The Process of Prompting
Before diving into the prompt manager, you should understand how a prompt template is being used to generate a reply by the model.
There are five parts to the process of prompting with a template:
- Roles for the three relevant users in each conversation: user, model, and system
- An individual message’s template; here called “history prompt template”
- A template to wrap the entire conversation in before starting the generation
- A string of text that the model expects before generating its response
- A string of text that the model will generate after it has finished its response and which indicates that the generation should stop
In the context of LocalChat’s templates (which are based off node-llama-cpp
), the final three things are contained in the prompt template. The library will extract parts 4 and 5 from the prompt template.
Here is an example of a history prompt template:
\{\{roleName\}\}:
\{\{message\}\}
This indicates that the model has, during training, seen messages in this format. If you prompt a model with a template whose “user role” is “Human” with the question “What is generative AI?”, the template will result in the following text being passed to the model:
Human:
What is generative AI?
Next, here is an example of a prompt template:
\{\{systemPrompt\}\}
\{\{history\}\}
assistant:
\{\{completion\}\}
user:
Using the example from before and ignoring the system prompt for now, this will yield the following text to be passed to the model:
Human:
What is generative AI?
assistant:
Note that the entire part after \{\{completion\}\}
is missing. The reason is that the completion placeholder indicates the part of the prompt where the model will actually generate text. “completion” separates the text that will be fed into the model from the text that the library will look for to determine if the model is done generating. In our example, the string that indicates that it is finished is “user:”. Note furthermore, that the model will probably not generate “user:”, but rather “Human:”, because that is what the user role is. Thus, you need to pay attention to this part.
When LocalChat prompts a model, the process of using a prompt template to wrap the existing conversation and prompt it is straight forward:
- For each message in the conversation history, format it according to the history prompt template, substituting the “roleName” for the appropriate role that you provided earlier in the form.
- Concatenate this entire history as a long string of text
- Take the prompt template, substitute the system prompt placeholder (using the history prompt template with the role “system”), then the history placeholder with the history generated in steps 1 and 2, and add any text between the history and completion placeholders.

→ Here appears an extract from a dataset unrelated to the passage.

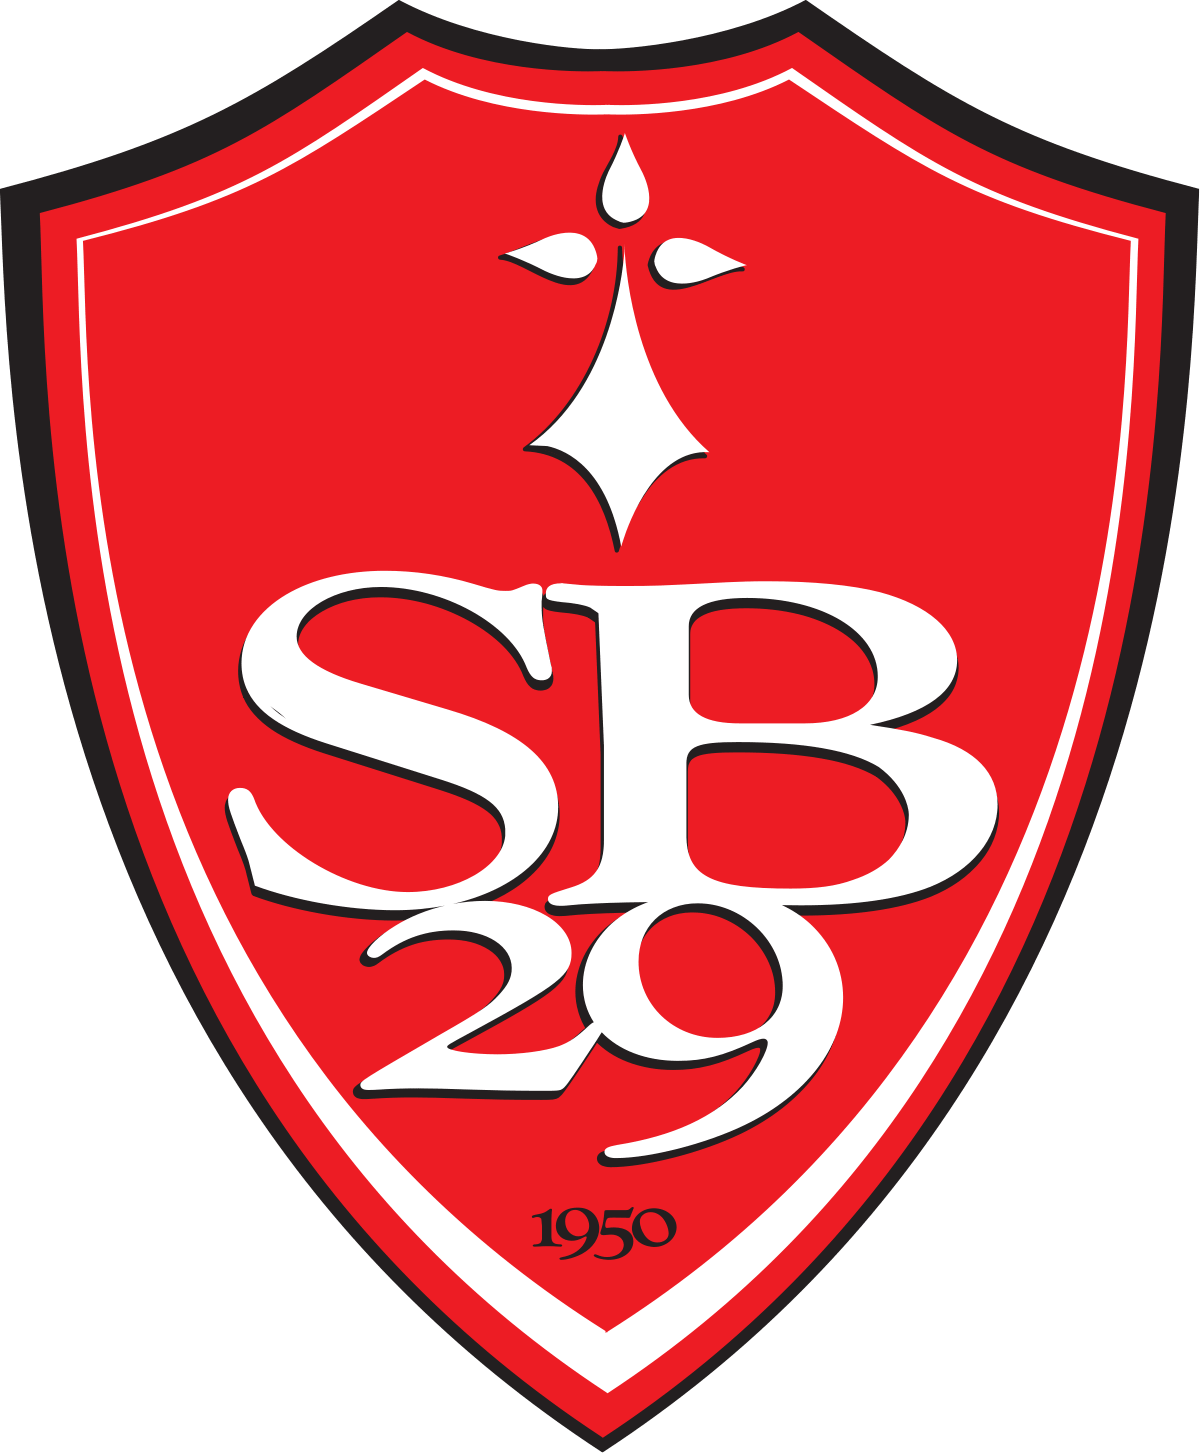 SB29

Remove anything from the prompt beginning with the completion placeholder
- Prompt the model, and inspect the generated text; as soon as the model has generated the text you provided after the completion placeholder, LocalChat knows that the model is done
The Prompt Manager
You can open the prompt manager by clicking the corresponding icon in the status bar. It looks similar to the model manager, but for your custom prompts.
By default, there are no custom prompts. Click on the button “Create new Prompt” to begin the process of creating a new prompt.
Creating a New Prompt
Each prompt requires some information. First of all, it needs a unique name. This name cannot be one of the default templates, and needs to be unique among your custom prompts.

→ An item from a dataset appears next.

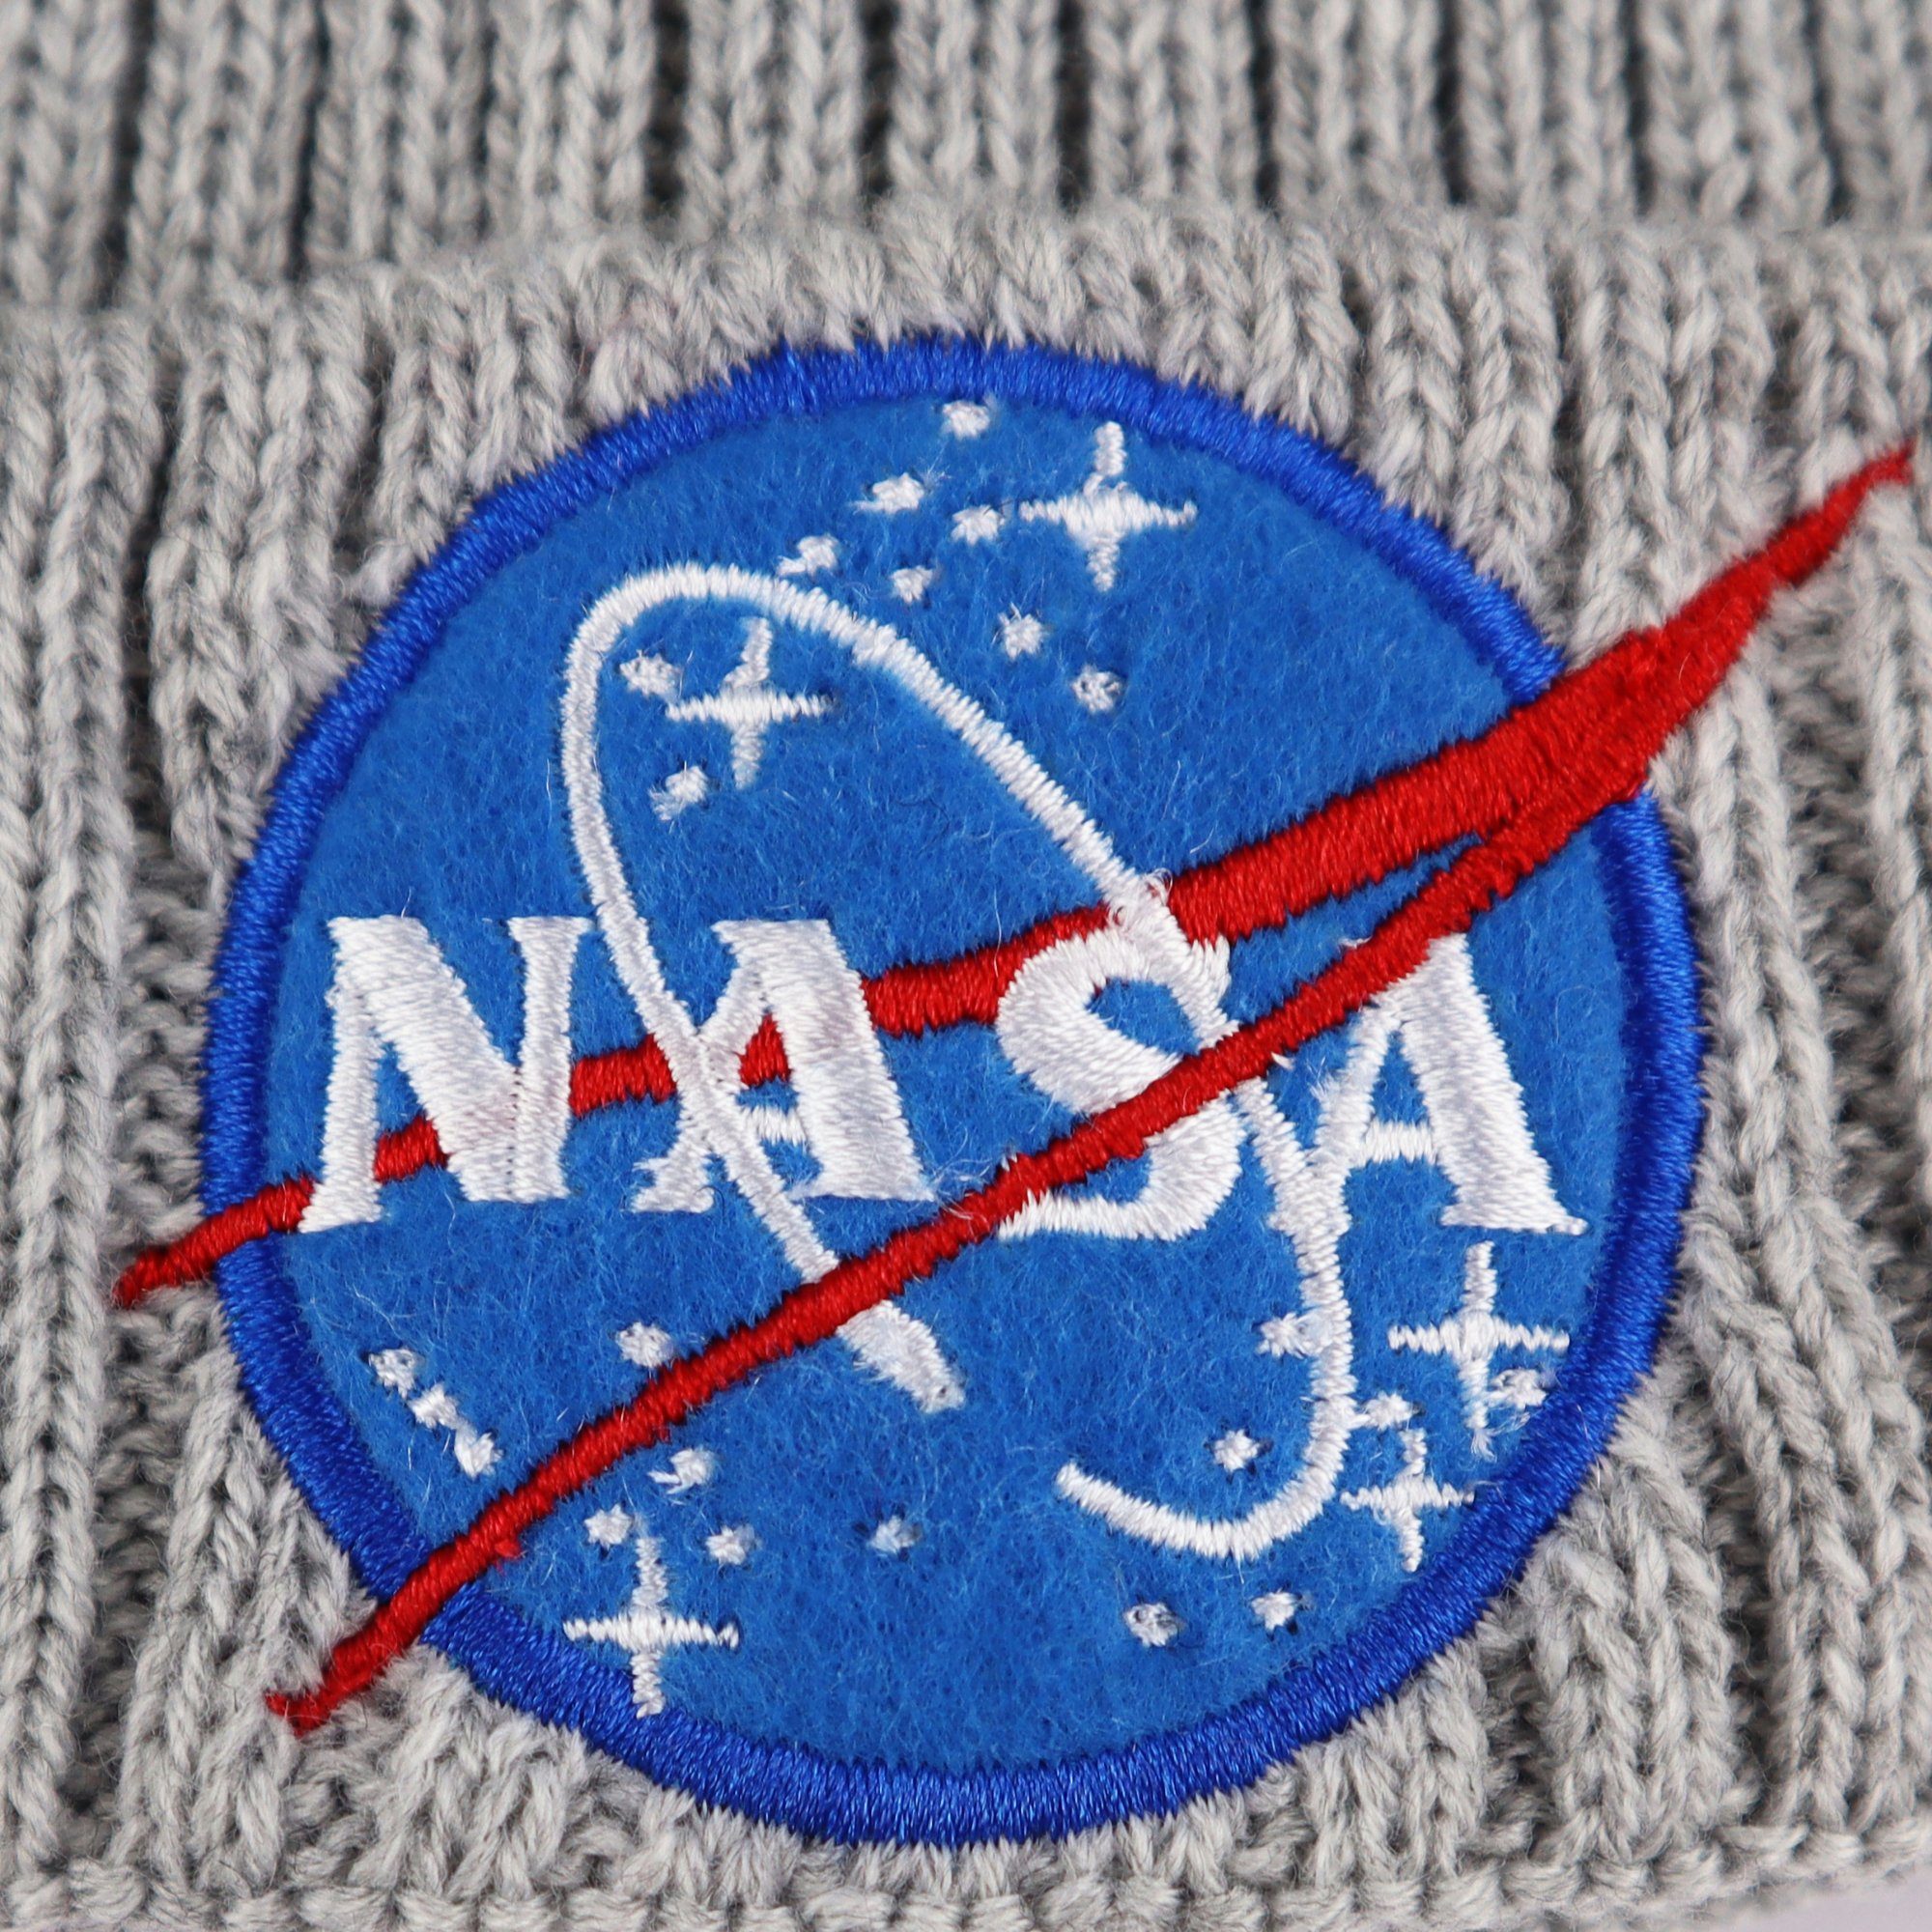 Gr. 54 56 Center Bommelmütze - Damen Space Wintermütze NASA Bommelmütze Herbst NASA bis Mädchen

Next, you need to define three “role names”. These will be used to build the chat history so that the model receives all previous messages. Many models use the basic trias of “user”, “model”, and “system”, but this may differ. Refer to the appropriate model card to find these names.
The final two pieces of information are the prompt template and the history prompt template. Let us first focus on the history prompt template.

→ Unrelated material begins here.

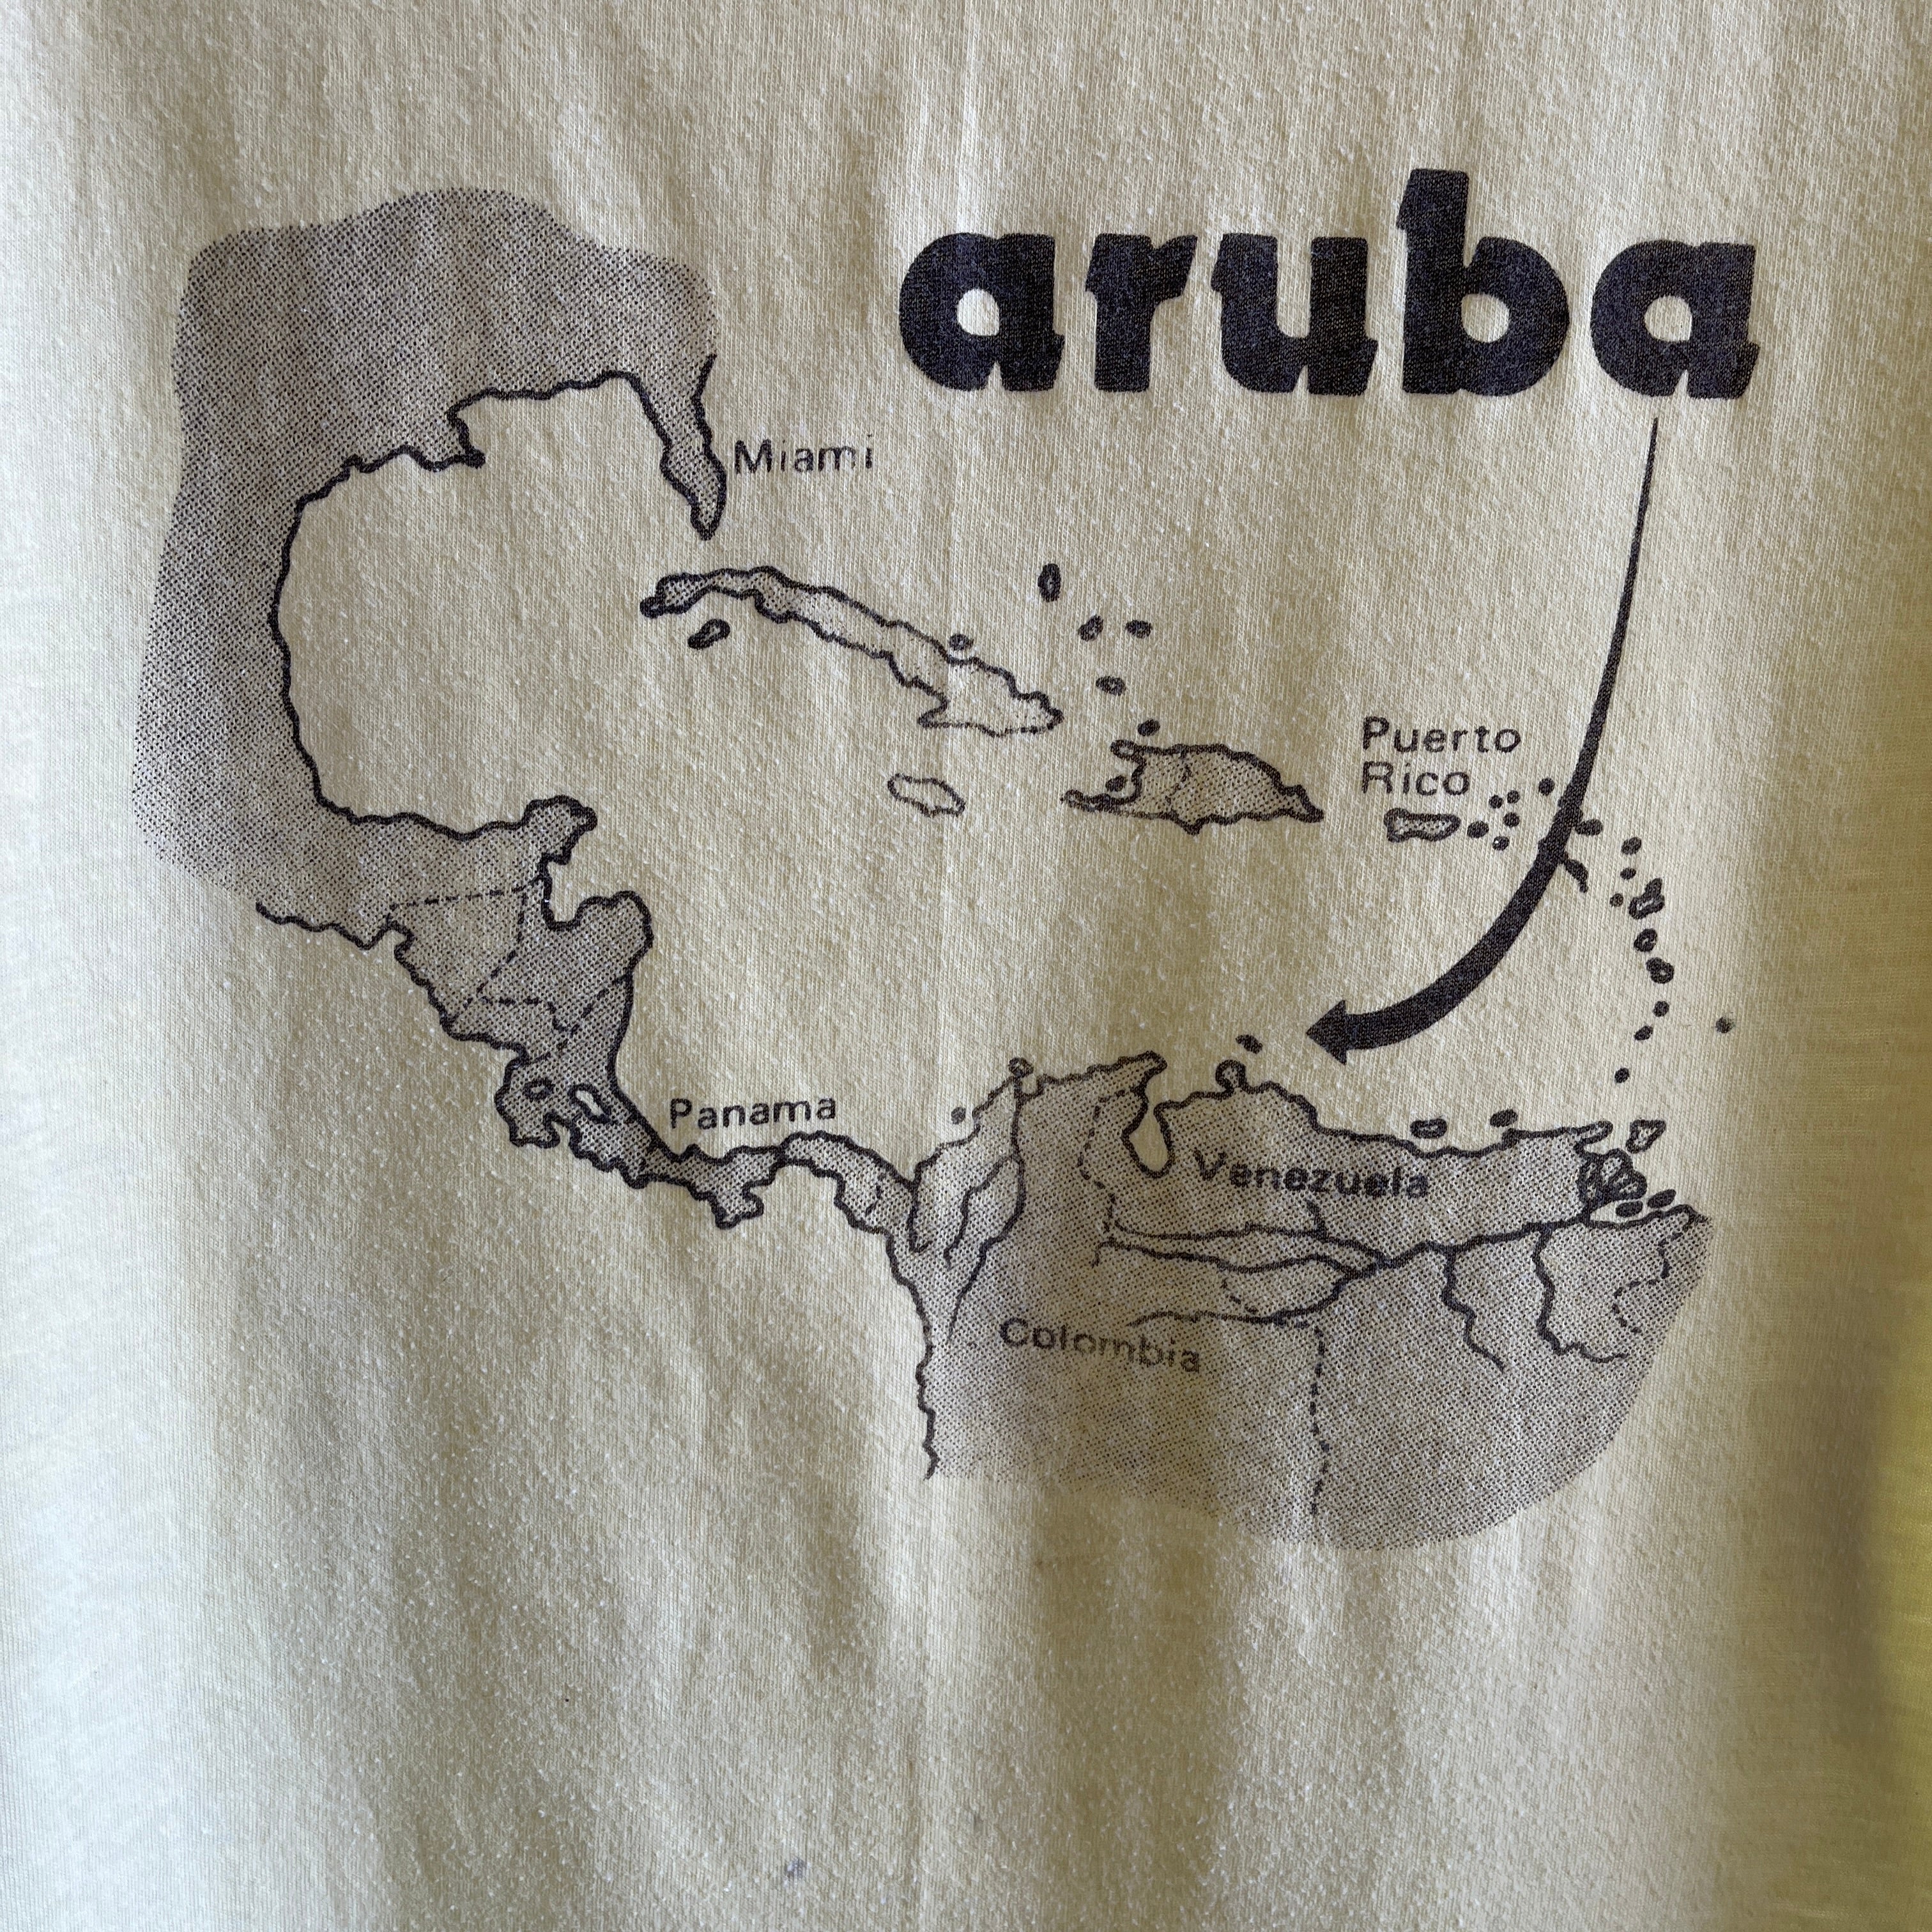 T-shirt de touriste taché d'Aruba des années 1980

This template is used to wrap each individual message. You must specify two placeholders: \{\{roleName\}\}
, which will be replaced with one of the three specified role names, and \{\{message\}\}
, which will be replaced with the actual message.
The final piece is the full prompt template. The prompt template should include the placeholder \{\{systemPrompt\}\}
, as otherwise the model does not receive your system prompt (but this placeholder is optional). Next, you must provide the placeholder \{\{history\}\}
. This will be replaced with all messages, each wrapped in the history prompt template.
The final part of the prompt template concerns the model’s prediction, which is indicated by the placeholder \{\{completion\}\}
.
Note that you probably need to define some string beforehand, and some afterwards. Usually, the part of the prompt after the \{\{completion\}\}
placeholder must be some string of characters that the model will generate after it has finished its response, and the part before that placeholder must be a string of characters the model expects before it generates its response.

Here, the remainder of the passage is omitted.